Эпоха Французской революции в «Крысолове» дает о себе знать, когда здесь появляются такие неизвестные германскому Средневековью реалии, как жардиньерка, шпага (наличие шпаги приписывается крысам: «Осаждаемый сытостью - сдаст / Шпагу...», - что работает на поддержание мифологемы крыс-революционеров); или такие персоналии, как санкюлот, Сен-Жюст. Введение в систему персонажей поэмы некоего Ратсгерра от Романтизма, которого, разумеется, нет в гамельнской легенде, также является данью вышеозначенной эпохе.

Более обширен пласт коннотаций на историческую действительность Русской революции. «Цветаевские» крысы наделены не просто чертами революционеров, но - большевиков:

Присягай, визжат, главсвисту!

Уж и стыд! Уж и страмь!

Не совсем, с лица, на крыс-то... Да уж крысы ли впрямь?

Лысины!

Пасмы!

Слыхано ль?

В красном! Или показательна полуобмолвка крыс:

Есть дорога такая - большак...

В той стране, где шаги широки, Назывались мы...

Шествие крыс сопровождается многими деталями-знаками, указывающими нате или иные события советской действительности 1917 и далее годов. Например, постоянно упоминаются расстрелы, которые свершали крысы и которые в качестве частотного способа борьбы с врагом сближают их с большевиками. Или примечательны в этом же плане слова крыс о том, как они «не искали ж протоптанных троп на Москву».

Кроме того, крысы-люди в красном говорят на советском новоязе - широко используют соответствующие аббревиатуры и политическую терминологию: У нас: взлом, у них: Ком, У нас: чернь, у них: терн, Наркомчёрт, наркомшиш, - Весь язык занозишь!

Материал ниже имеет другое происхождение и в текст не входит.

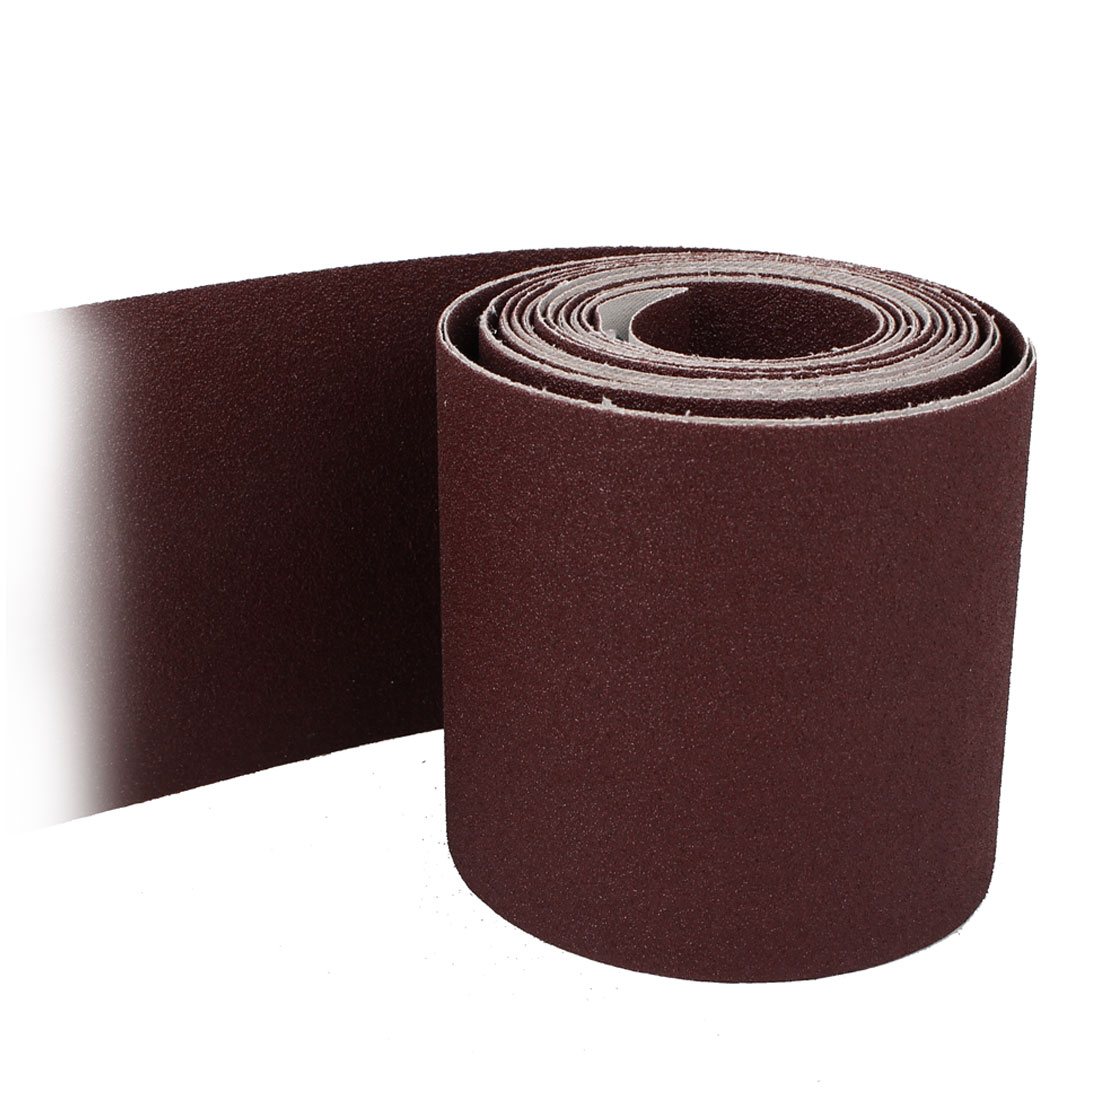 5M Long 100mm Width 80 Grit Abrasive Sanding Sand Paper Sandpaper

В новый мир, дескать, брешь: Не потел - так не ешь, Не пыхтел - так не ешь, Не пострел - так не ешь.

До поры, дескать, цел:

Не потел - под расстрел,

Не хотел - под расстрел,

Не пострел - под расстрел

Не терял.

Начинал.

Интеграл.

Интервал.

Наломал.

Напинал.

Интернацио...

Создание образа крыс-большевиков в «Крысолове» идет с подключением и соответствующего интертекстуального материала. Например, в приведенном выше фрагменте явственно слышится перекличка с текстом «Интернационала» и с знаменитым лозунгом большевиков: «Кто не работает, тот не ест!» Еще один лозунг большевиков частично воспроизводится в другом эпизоде поэмы: «Да здравствует красная...» (вместо многоточия подразумевается слово, рифмующееся с «гарного», то есть - армия), - и вкладывается в уста шествующих за флейтой крыс. Помимо фразеологических перекличек с текстами советской культуры «Крысолов» содержит в обрисовке крыс-большевиков такие же переклички на ритмическом уровне. Как заметил Е.Эткинд, «крысиные ритмы» (построенные на частом использовании ритмической скороговорки и ритмического потенциала деформированного амфибрахия) оказываются созвучны ритмам советской революционной и постреволюционной поэзии.

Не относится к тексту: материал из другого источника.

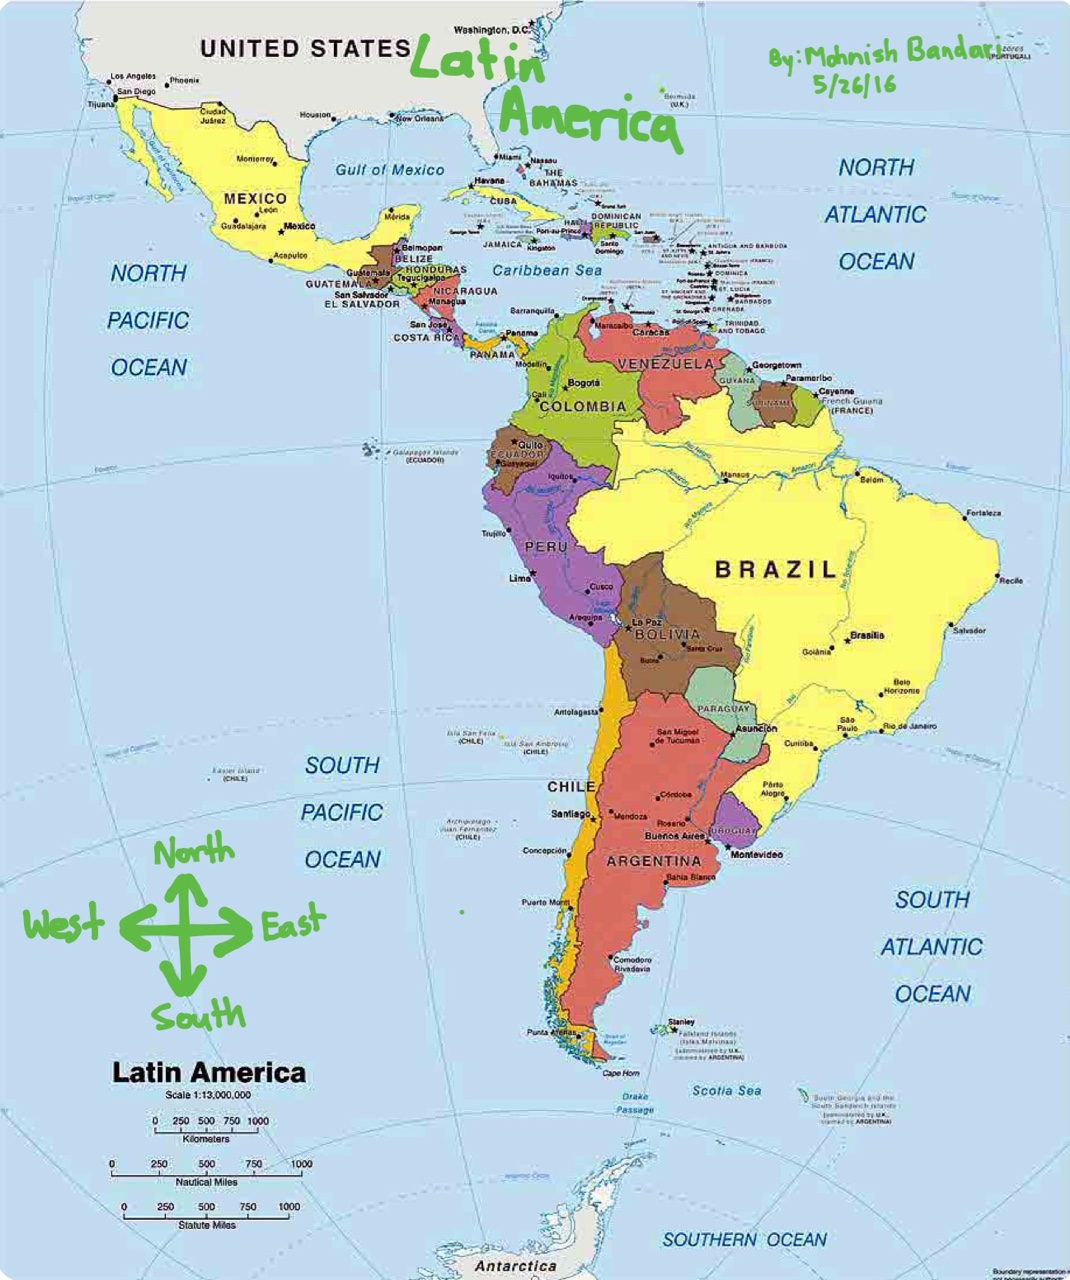 South America: Latin America Project

В плане переклички цветаевской поэмы с реалиями революционной культуры интересно воссоздание здесь устойчивой коммунистической мифологемы 1920-х годов, связанной с планом мировой экспансии революции и намерениями начать ее с Индии. Создание в «Крысолове» хронотопа современной поэту действительности ведет к прочтению цветаевской поэмы как политического памфлета, сатиры, направленной против большевиков. Крысолов, являющийся в четвертой главе поэмы «Увод» и уводящий крыс на гибель, при таком прочтении действует не столько как музыкант, сколько как политик, «сильный, властный и жестокий человек, прекрасно знающий средства воздействия на массовое сознание». Более того, Е.Эткинд видит за фигурой цветаевского Крысолова определенные исторические прототипы: Л. Троцкого и В. Маяковского.

Соответственно, флейта Крысолова «выступает в роли Великого Провокатора». По мнению И. Малинкович, «Флейта оказывается прообразом вождя-демагога». Она «соблазняет крысобольшевиков тем, что апеллирует к их лучшей, идеальной стороне. Крысы еще полны революционного романтизма и верят в миф о мировой революции. Этот миф их и губит».

Исследователи, предложившие такую интерпретацию «Крысолова», в своих рассуждениях зашли и далее. Они утверждают, что целью М.Цветаевой при создании поэмы было разоблачение «харизмы Крысолова как власти вождя-демагога, подыгрывающего толпе и губящего легковерные массы».

Однако предложенная интерпретация аллегорического целого «Крысолова» опирается не столько на цветаевский текст, сколько на общеевропейский миф XX века, согласно которому Крысолов - устойчивый символ «вождя, фюрера, дуче, харизматического монстра, ведущего бессловесную массу своих подданных, народ, нацию к губительному концу».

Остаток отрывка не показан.